With the Ensemble Clément-Janequin at Harmonia Mundi
 1984: Heinrich Schütz:  the Seven Last Words
 1988: Clément Janequin: la Chasse et autres chansons
 1988: Josquin Desprez: Chansons 
 1989: Pierre de La Rue: Messe L'homme armé - Requiem
 1992: Roland de Lassus: Chansons
 1994: Une fête chez Rabelais
 1994: Chansons sur des poèmes de Ronsard
 2000: Psaumes et chansons de la Réforme
 2003: Antoine Brumel : Messe et ecce terrae motus

With Les Arts florissants
 1990: Marc-Antoine Charpentier: Le Malade imaginaire

With Georges Guillard
 1996: Jehan Alain, vocal and instrumental works (vol. 2) (ARION, ARN 68321). Orphée d’Or, Grand Prix de l’Académie du Disque Lyrique 1996

With the Chœur de chambre de Namur as musical director
 2009: Henry Du Mont: Cantica sacra (Label Ricercar)
 2011: Henry Du Mont: Pour les Dames religieuses (Label Ricercar)

With the Chœur de chambre de Namur direction Jean Tubéry
 2008: Marc-Antoine Charpentier: Te Deum

With Les Sacqueboutiers of Toulouse
 1997: Giovanni Martino Cesare: Musicali Melodie (Label Accord)
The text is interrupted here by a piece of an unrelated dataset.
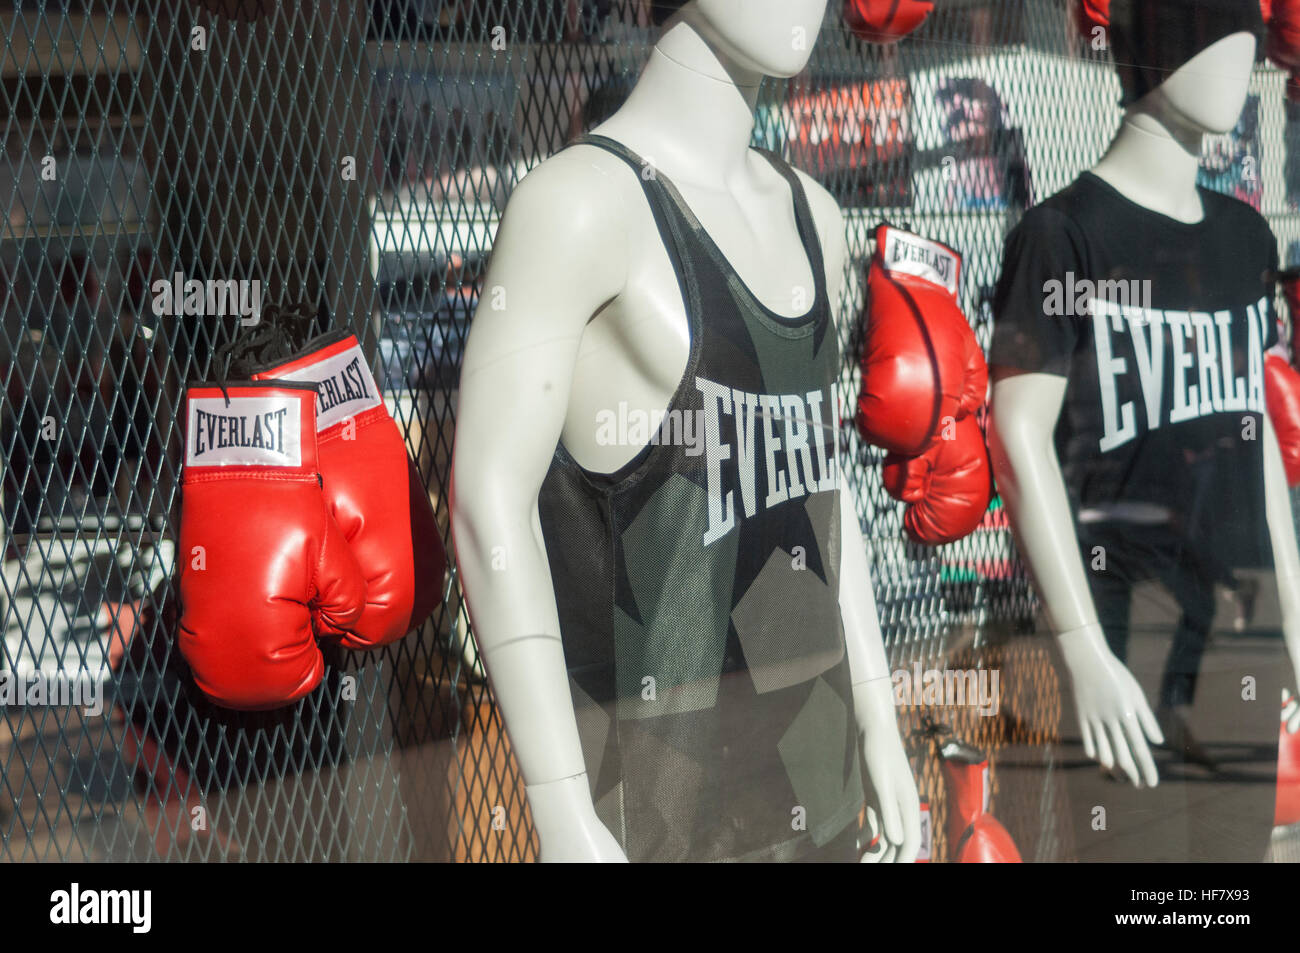 https://c8.alamy.com/comp/HF7X93/everlast-brand-boxing-paraphernalia-in-a-store-in-new-york-on-sunday-HF7X93.jpg

With the William Byrd's European ensemble, direction Graham Reilly
 2007: Giacomo Carissimi : Jephte  Music in Roma circa 1640 (Label: Passacaille)

With the orchestre Les Passions  direction Jean Marc Andrieu
 2008: Jean Gilles: Requiem (Label Ligia Digital)
 2010: Jean Gilles : Lamentations (Label Ligia Digital)

With the Ensemble Ludus Modalis direction Bruno Boterf 
 2004: An improvised mass: Une messe pour la Saint-Michel et tous les saints anges with Freddy Eichelberger and Michel Godard. (Label: Alpha)
 2007: Paschal de L'Estocart: Sacrae Cantiones: songs, ode, psalms and motets from 3 to 7 voices Diapason d'or (Ramée)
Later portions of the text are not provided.